===== Data extract

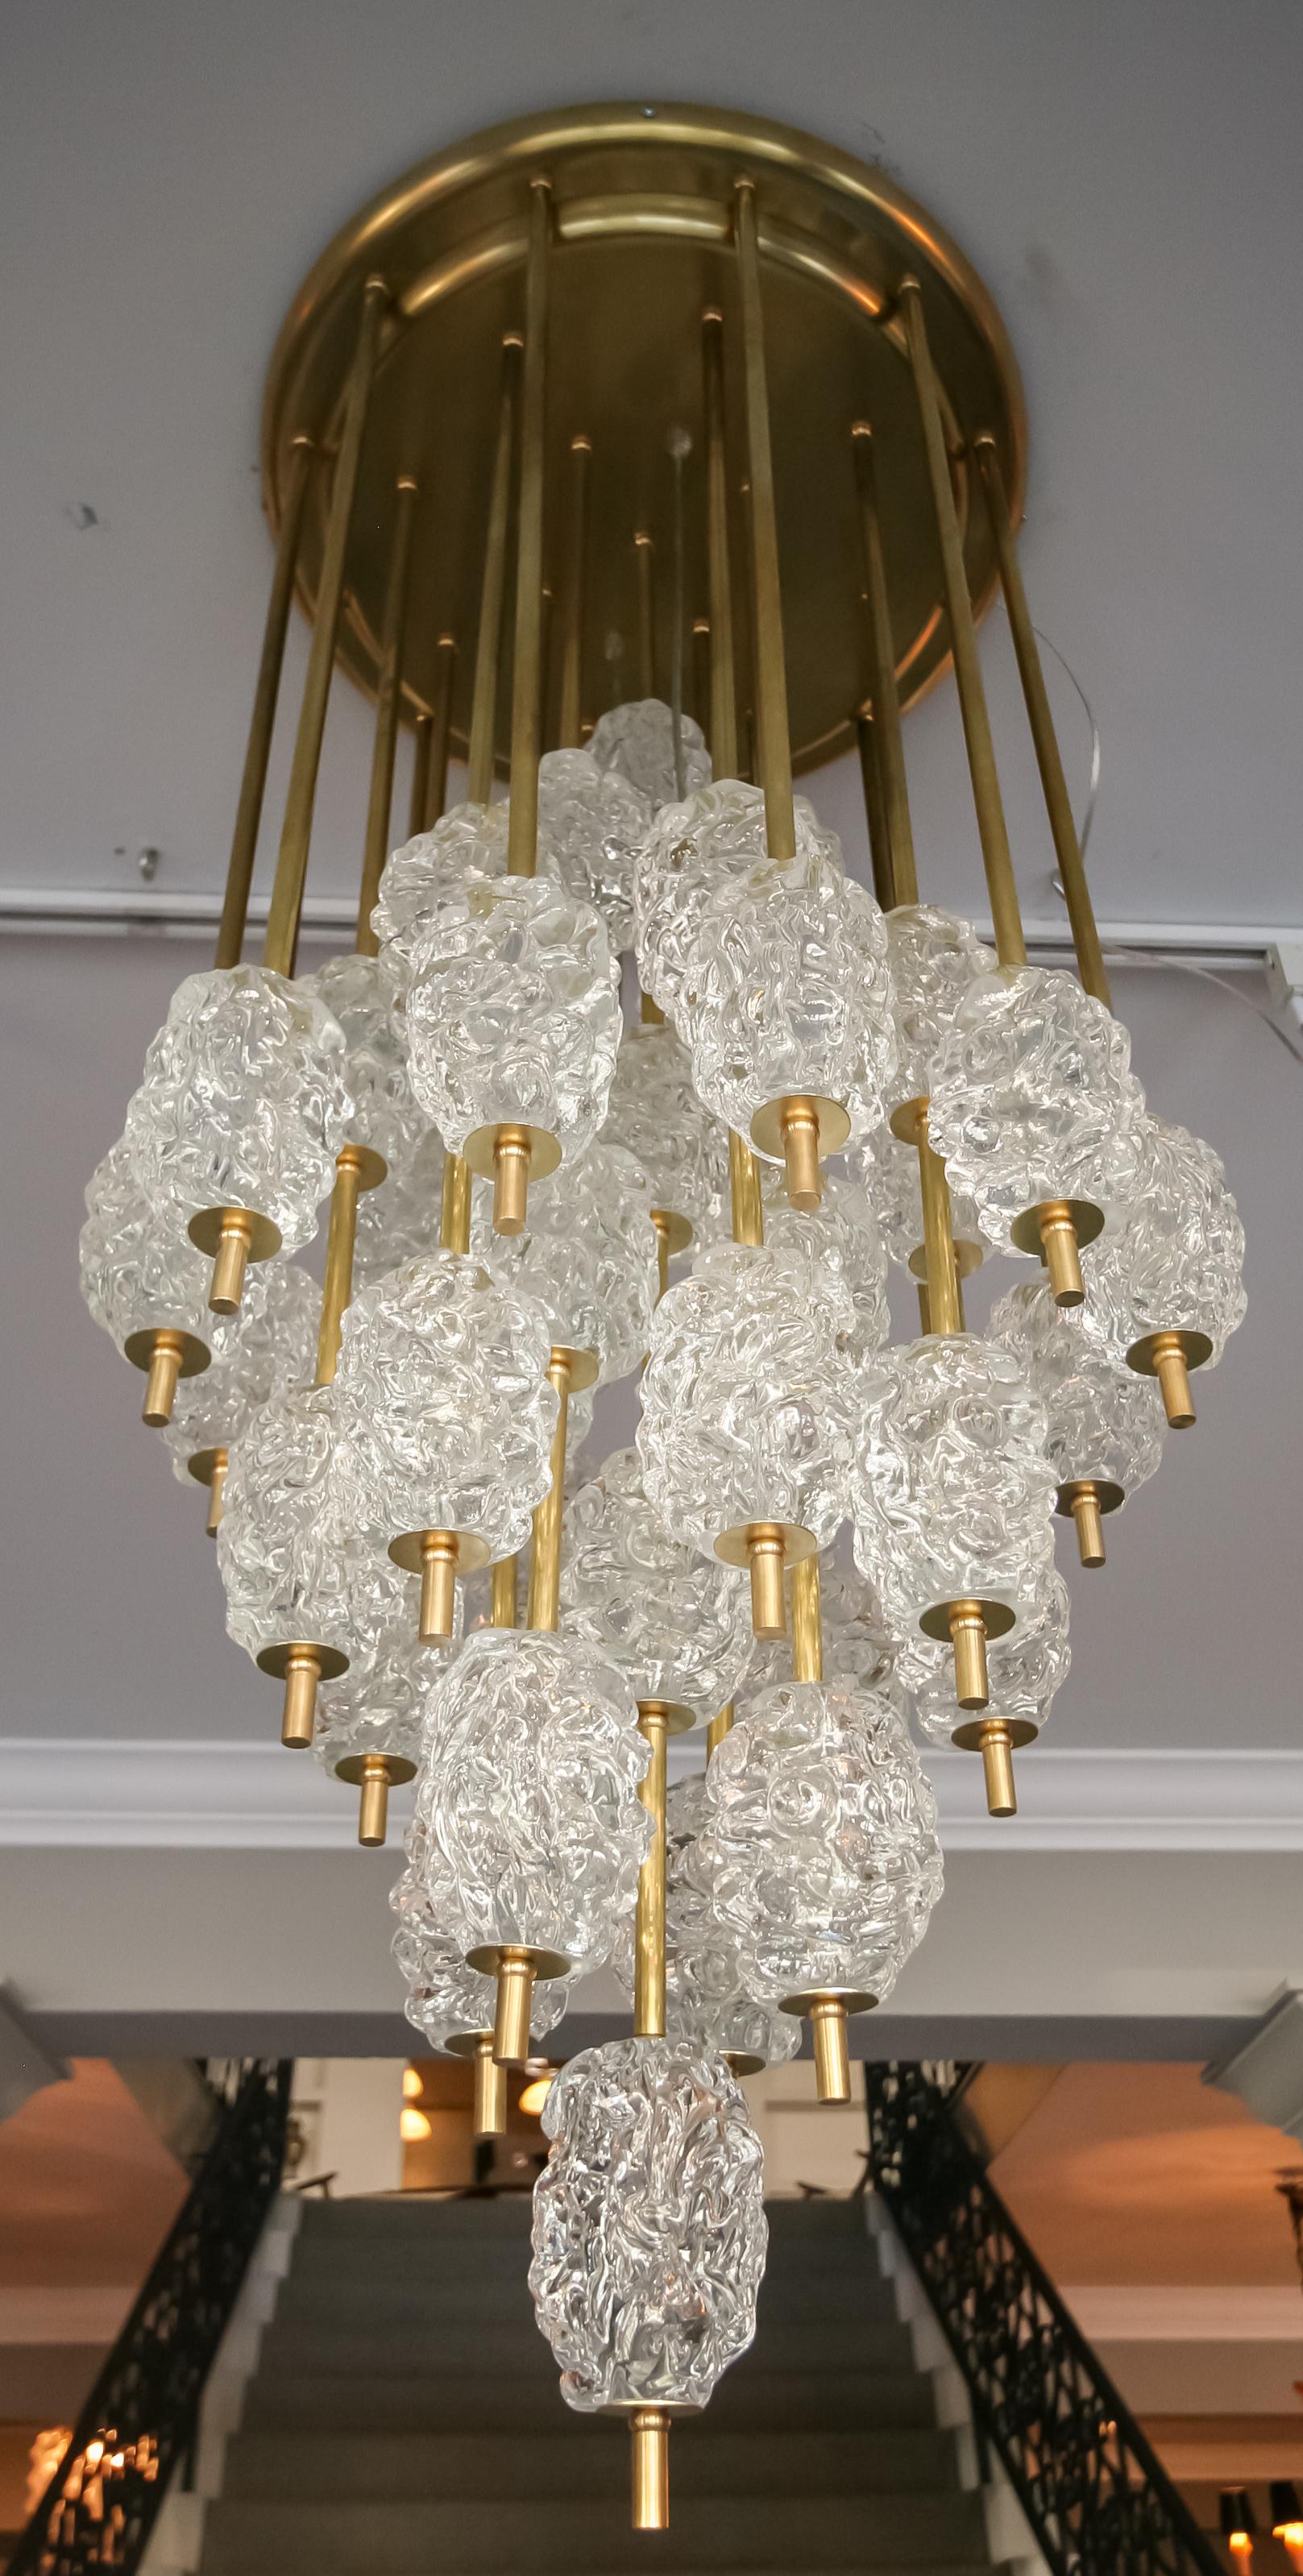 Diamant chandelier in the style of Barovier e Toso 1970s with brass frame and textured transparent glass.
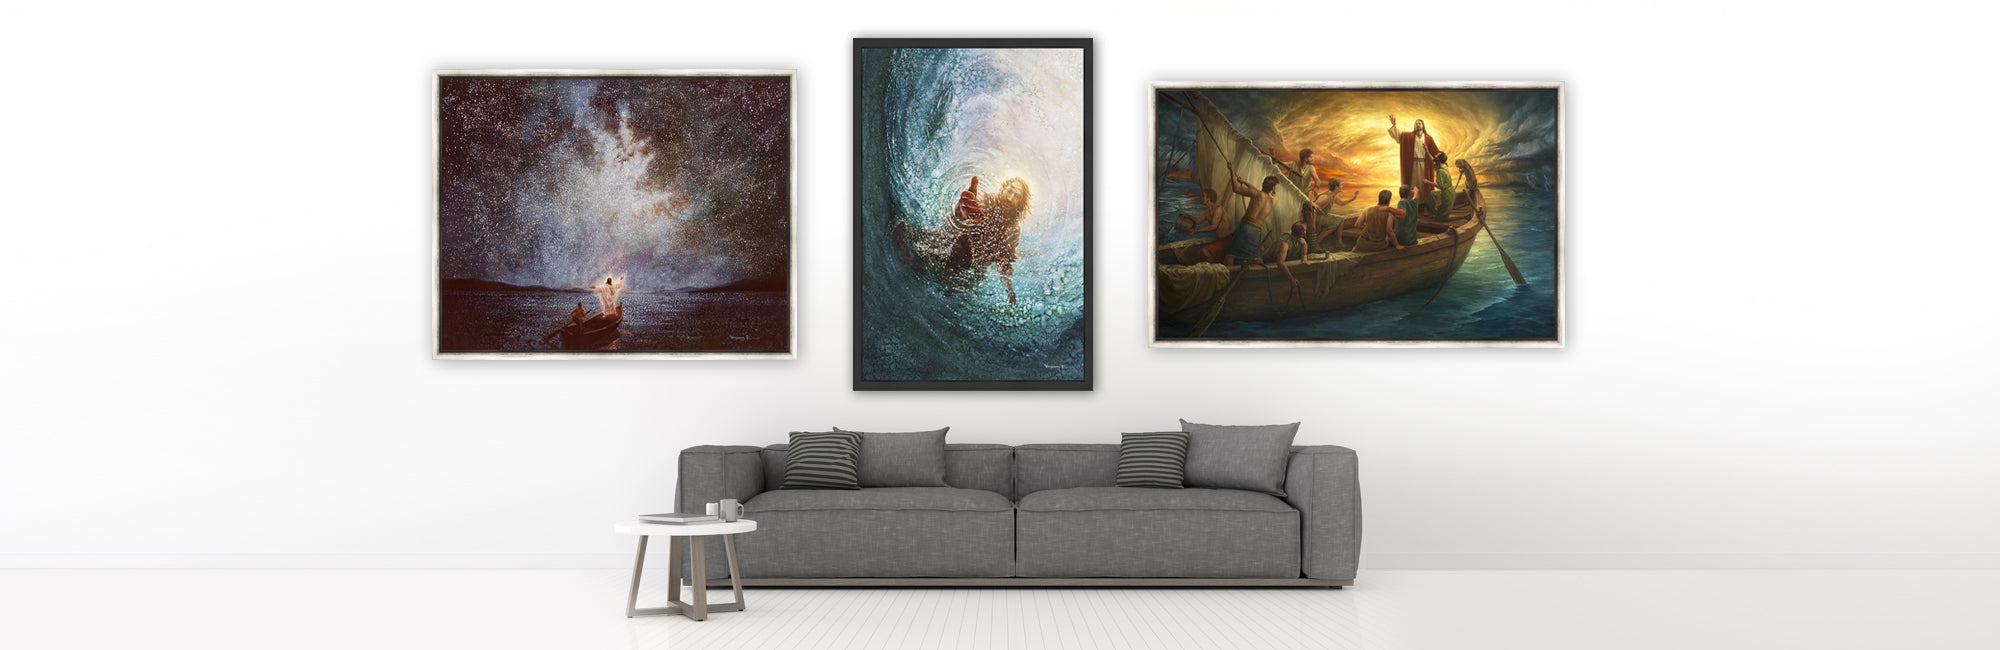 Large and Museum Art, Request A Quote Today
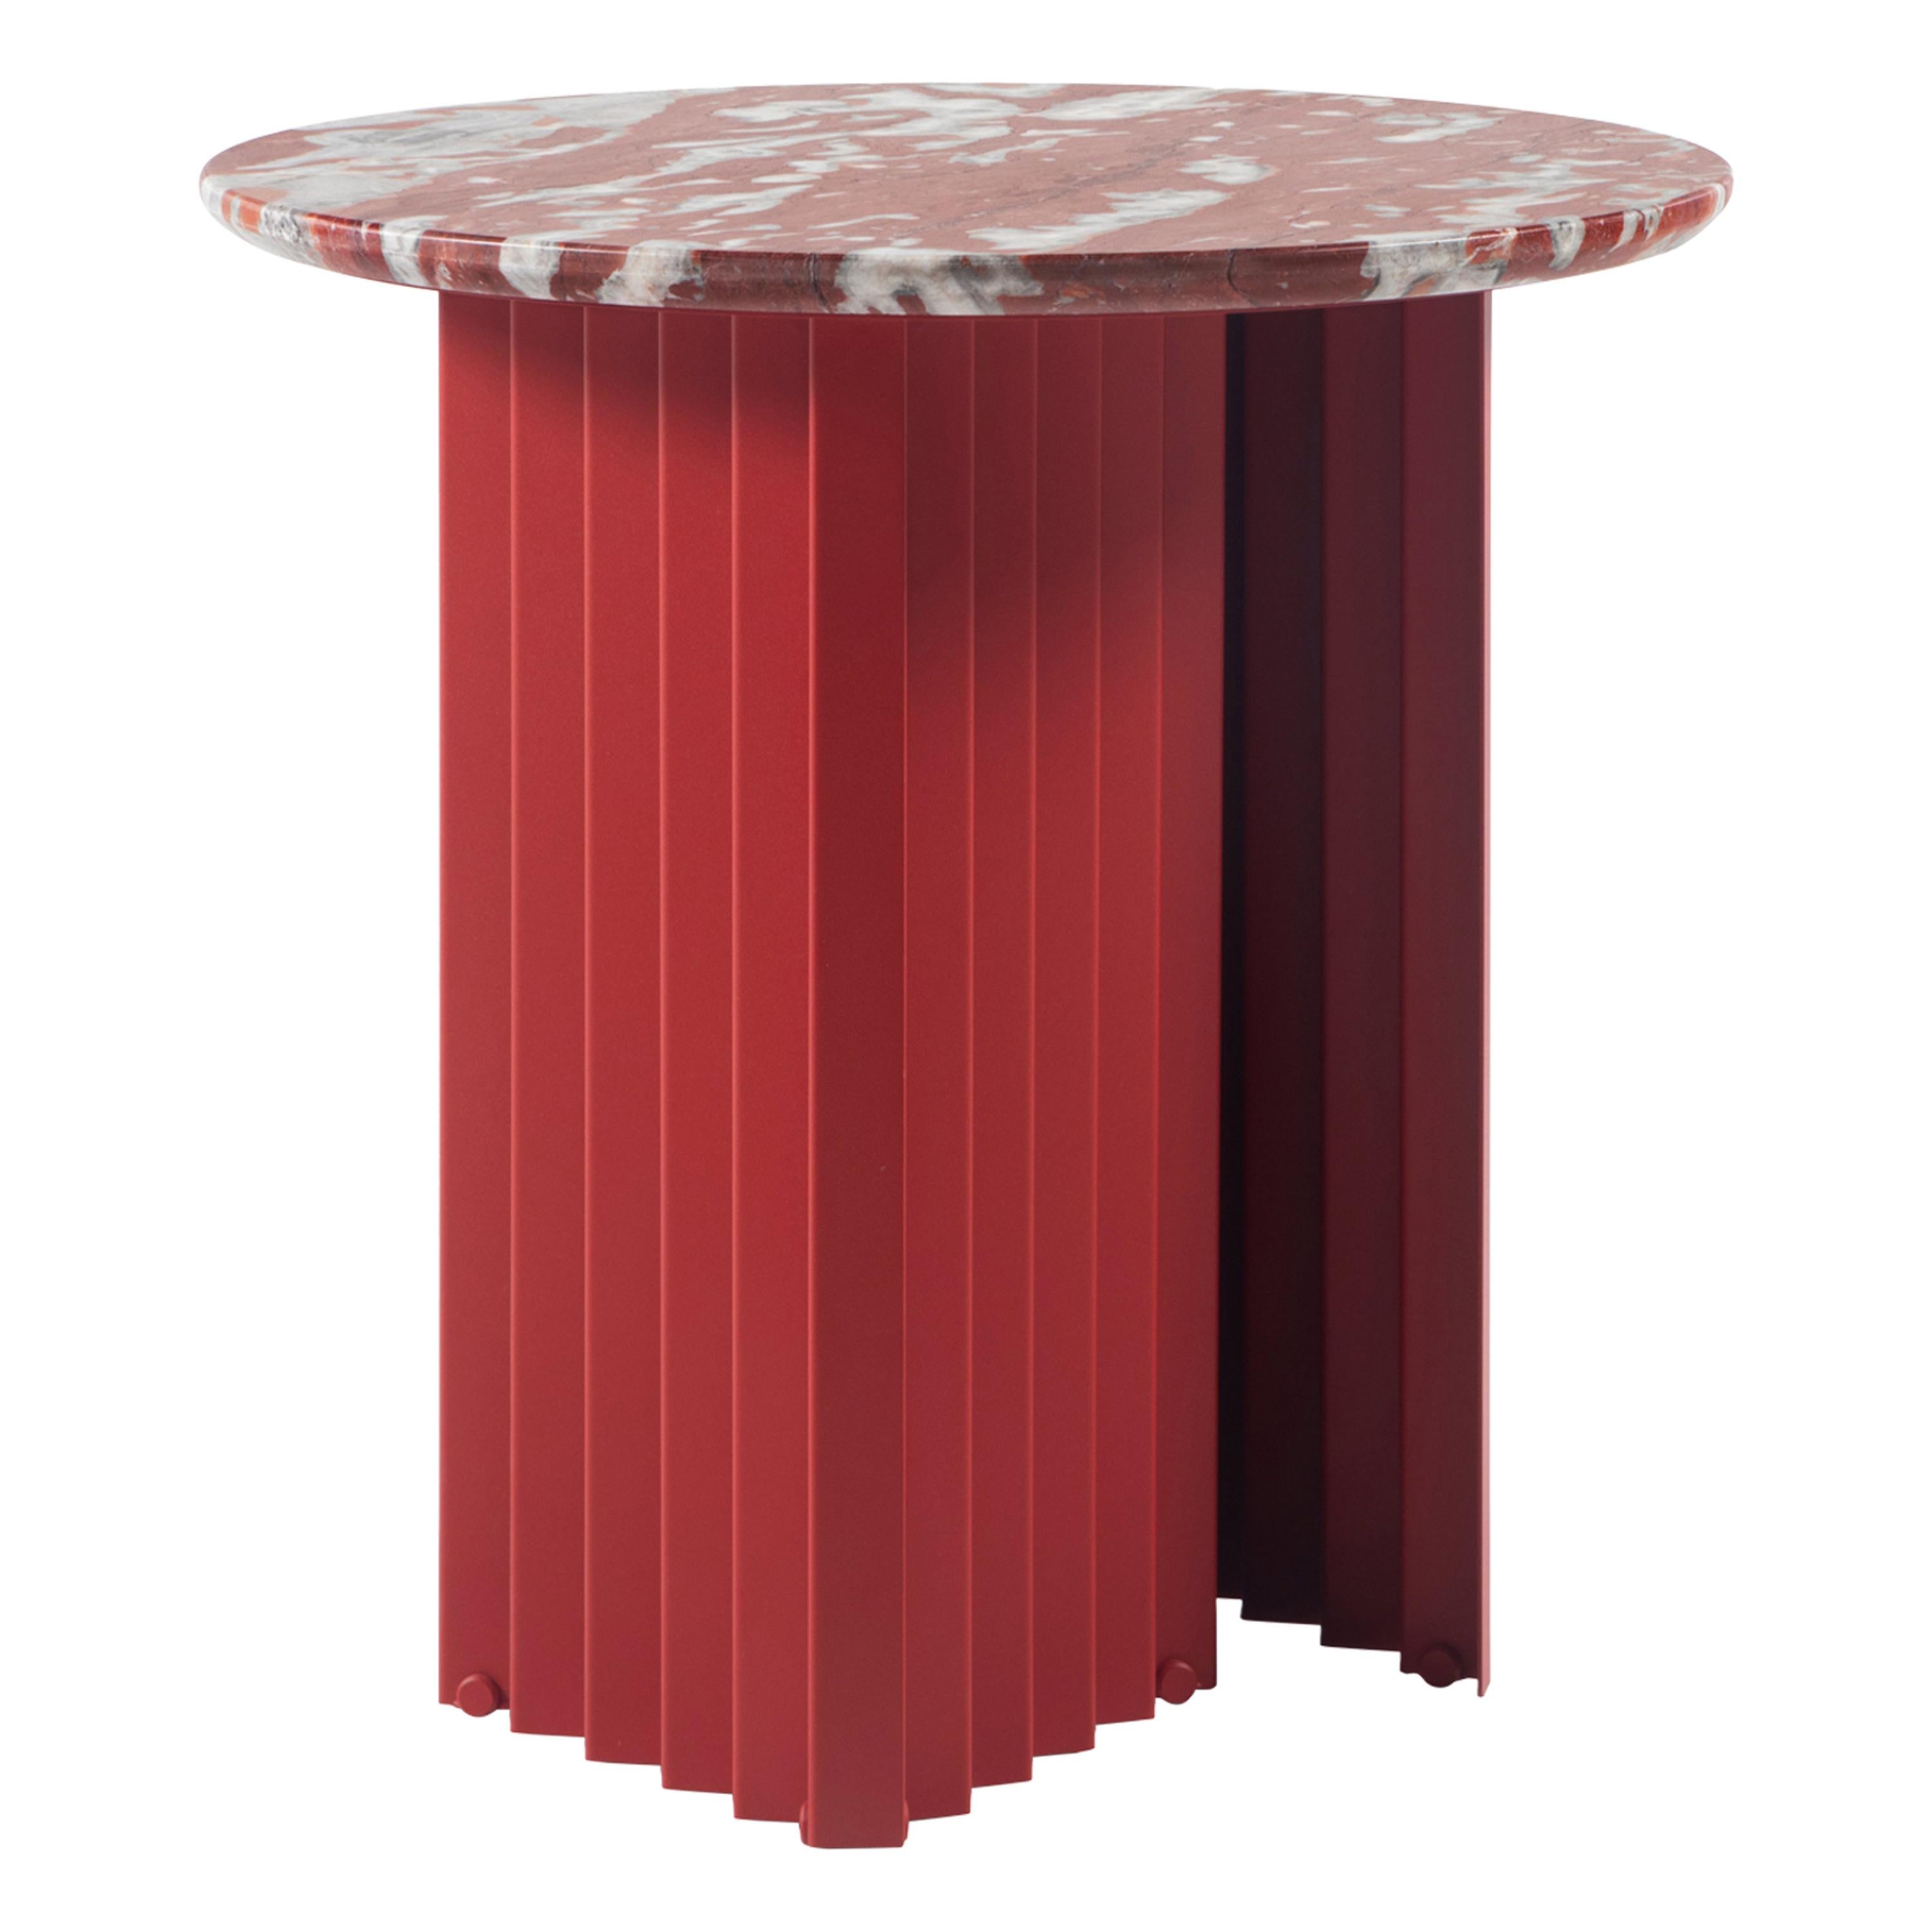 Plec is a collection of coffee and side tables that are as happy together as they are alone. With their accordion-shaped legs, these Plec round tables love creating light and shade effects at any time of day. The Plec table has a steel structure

==========

▶ [Assigned task] Every line of the data should be transcribed exactly. Omit the images.

▶ [Written solution]
 Diamant chandelier in the style of Barovier e Toso 1970s with brass frame and textured transparent glass.
 Large and Museum Art, Request A Quote Today
 Plec is a collection of coffee and side tables that are as happy together as they are alone. With their accordion-shaped legs, these Plec round tables love creating light and shade effects at any time of day. The Plec table has a steel structure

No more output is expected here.